Passing exotic spice gardens, Pinnawela elephant orphanage, Mahaveli River, and the famous Peradeniya Botanical Gardens – Lord Mountbatten’s WWII headquarters, one is in Kandy. The last King, who recreated Kandy into a celestial city designed Maligawa’s parapet, Walakulu bemma as cloud-like walls. Diyareli bemma,the surrounding wall of Kandy Lake, Kiri-muhuda (milky-sea) is designed as a wave-swell. Kandy thus appears a city floating in the sky in the Lake’s reflection of Maligawa and Walakulu bemma
Experiences to Experience
A unique introduction to this celestial city is to cruise Mahaweli River early morning with a fabulous champagne breakfast from Mahaweli Reach Hotel.

Explore the town on foot. When feet tires and stomach growls head to Dalada Vidiya – a street lined with cafés and bakeries. Scribble your wit in The Pub’s graffiti walls. Re-define ‘heaven’ at Delight, a corner-shop with spoils for your sweet-tooth.  Hint: try alpe – a twisty, caramel stick found no where else. Share travel news with home at Koffeepot, the Internet café with real coffee and proper cakes. 

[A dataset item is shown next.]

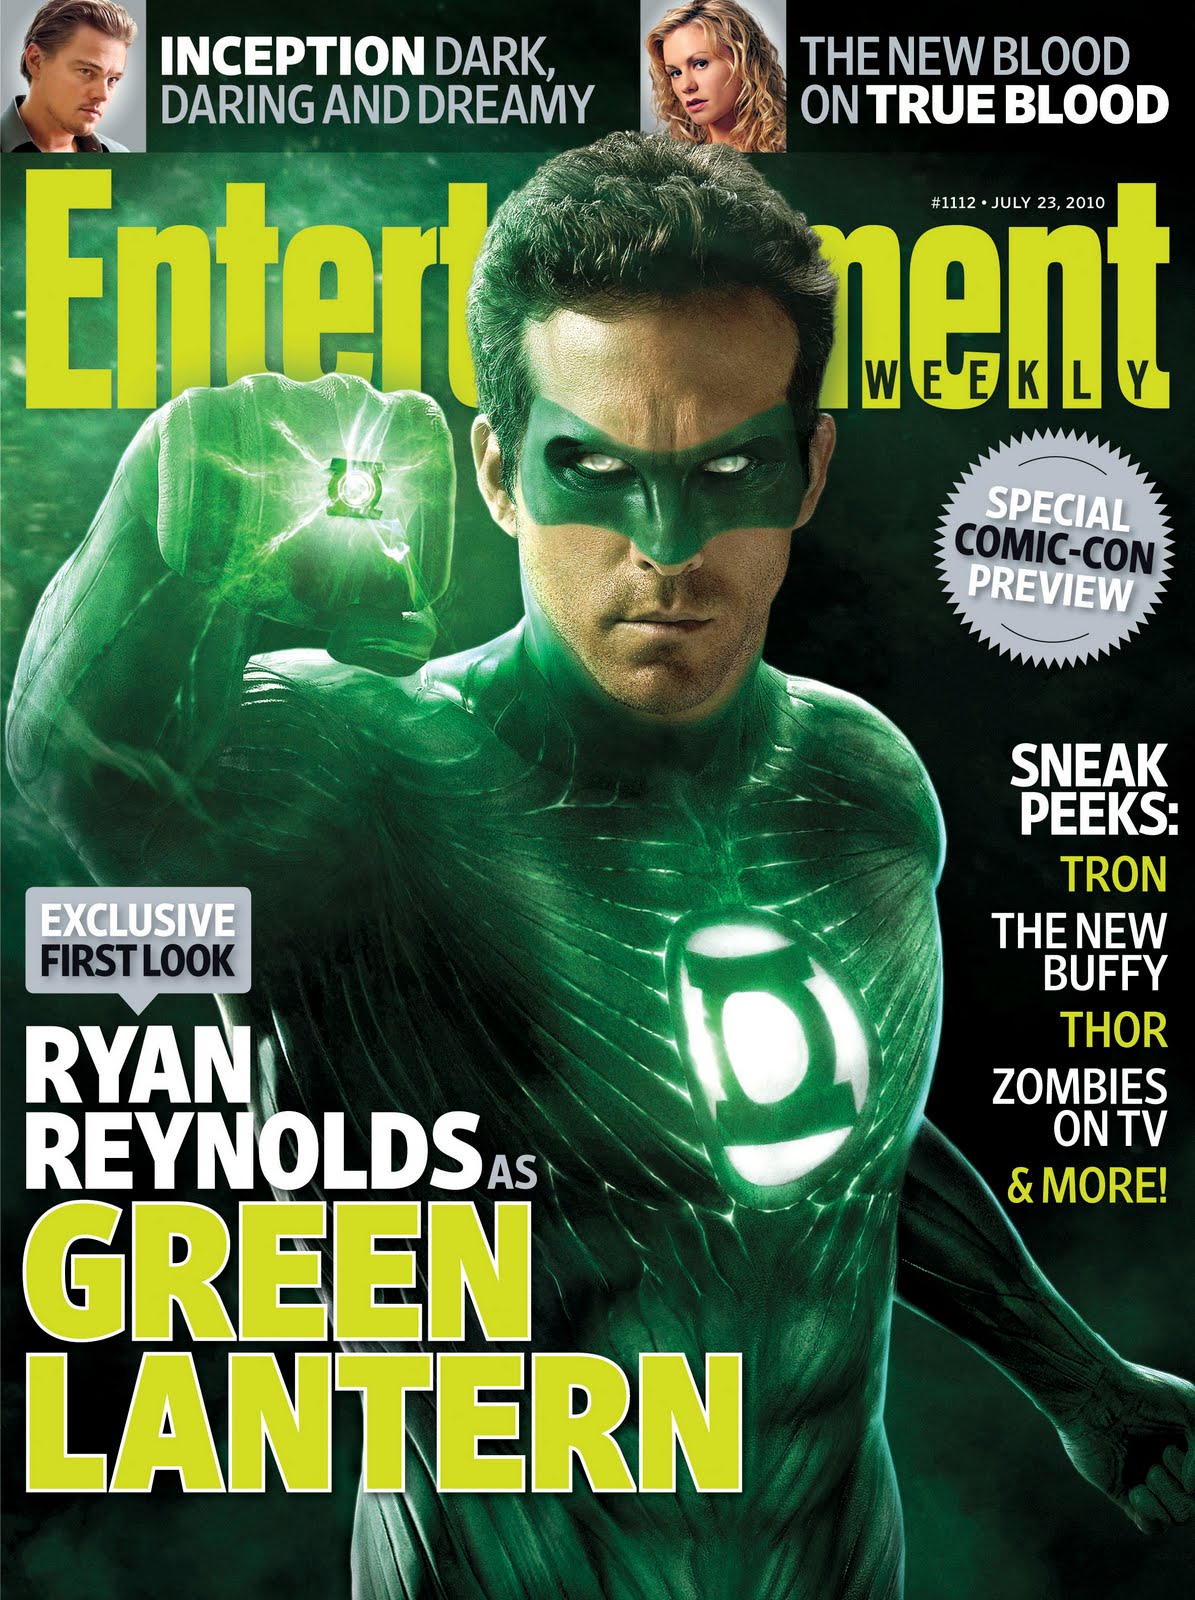 http://4.bp.blogspot.com/_eHkTwd4aRic/TI2VWzGpW_I/AAAAAAAAVLA/R_BUZoXqy8g/s1600/Green-Lantern-costume-Ryan-Reynolds.jpg
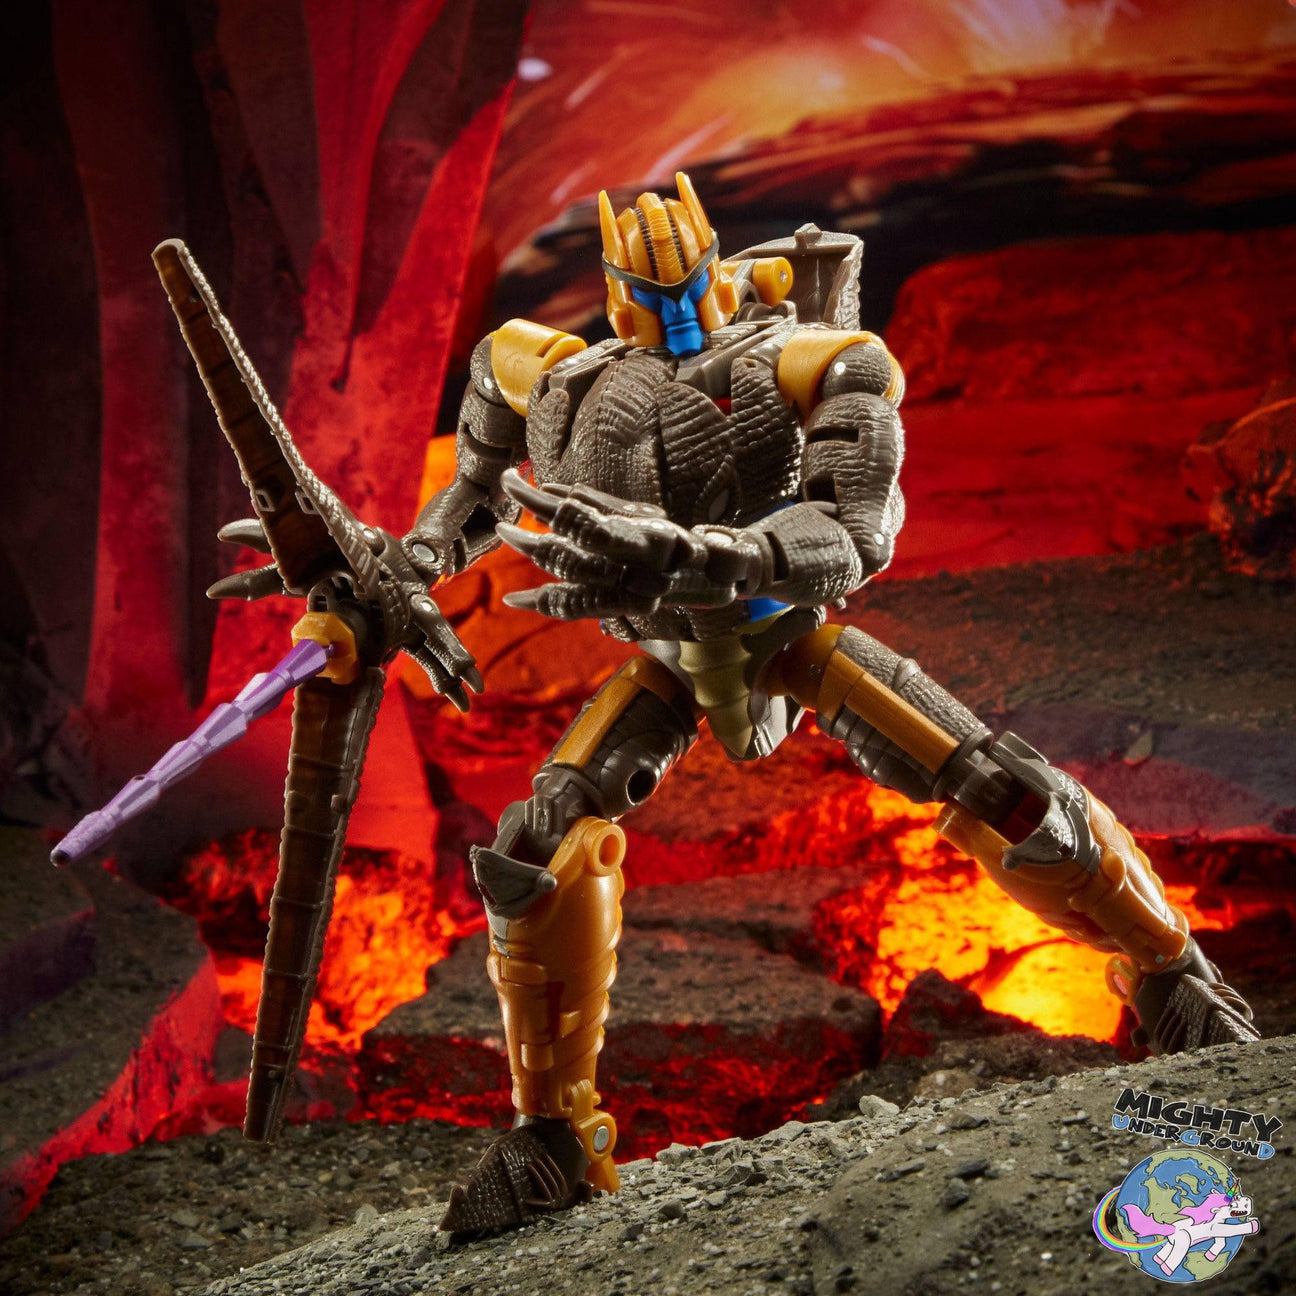 Transformers Generations: Dinobot - Voyager Class (War for Cybertron: Kingdom)-Actionfiguren-Hasbro-Mighty Underground

Stroll around the Lake then walk up the woody hill, where sensation and wonder awaits. Just above the international cricket grounds, Asgiriya is YMBA, where sensational Kandyan dancing, fire caressing and vibrating drum beating is to be experienced. Continue uphill to Arthur Seat and be rewarded to the city’s most panoramic view.

After golf at the world-class Victoria Golf Course, stop at History and savor history with flavor. Walls grace photos of Sri Lankans from 1860 – 1960, an overlooked period of life in Sri Lanka. Hors-d’oeuvres of historical facts is served with fantastic food. 

Add a bit of Kandy to your kitchen and join exciting hands-on culinary programs and cook one-on-one with the renowned chefs at Mahaweli Reach Hotel, Earls’ Regency and History.

Exploring Kandy’s ancient temples and trekking Kandy’s mountain regions and exploring the natural rainforests are a must.
Significant Lifetime Indulgences
Patronize where Royalty patronizes. Swarna & Sons handcrafts exquisite silverware. The establishments’ intricately designed silverware made wedding gifts for both Queen Elizabeth and Prince Charles. These silverwares, fit to impress a princess, as the delighted Princess Diana’s note of appreciation proves are worthwhile investments for generations to come.

Combine fantasy with a dignified Kandyan wedding, which are ceremonial, without been tediously long or loud. Magul Gedera, experienced weddings organizers, carefully tailor-makes very personalized ceremonies that are steeped in ancient traditions – very different to a Las Vegas wedding!

Conclude the Kandy adventure via the Kurunagalla route and drive through rubber and mixed-crop estates. Stop at The Heritage Centre to watch batik in creation and a fantastic 30-dish lunch. If the rare privilege to chat charming Ena de Silva, the proprietor, arises consider your Kandy trip absolutely complete. The reminiscing of this vivacious 82-year lady, having lived way before Independence summarizes this celestial city with an intriguing dimension.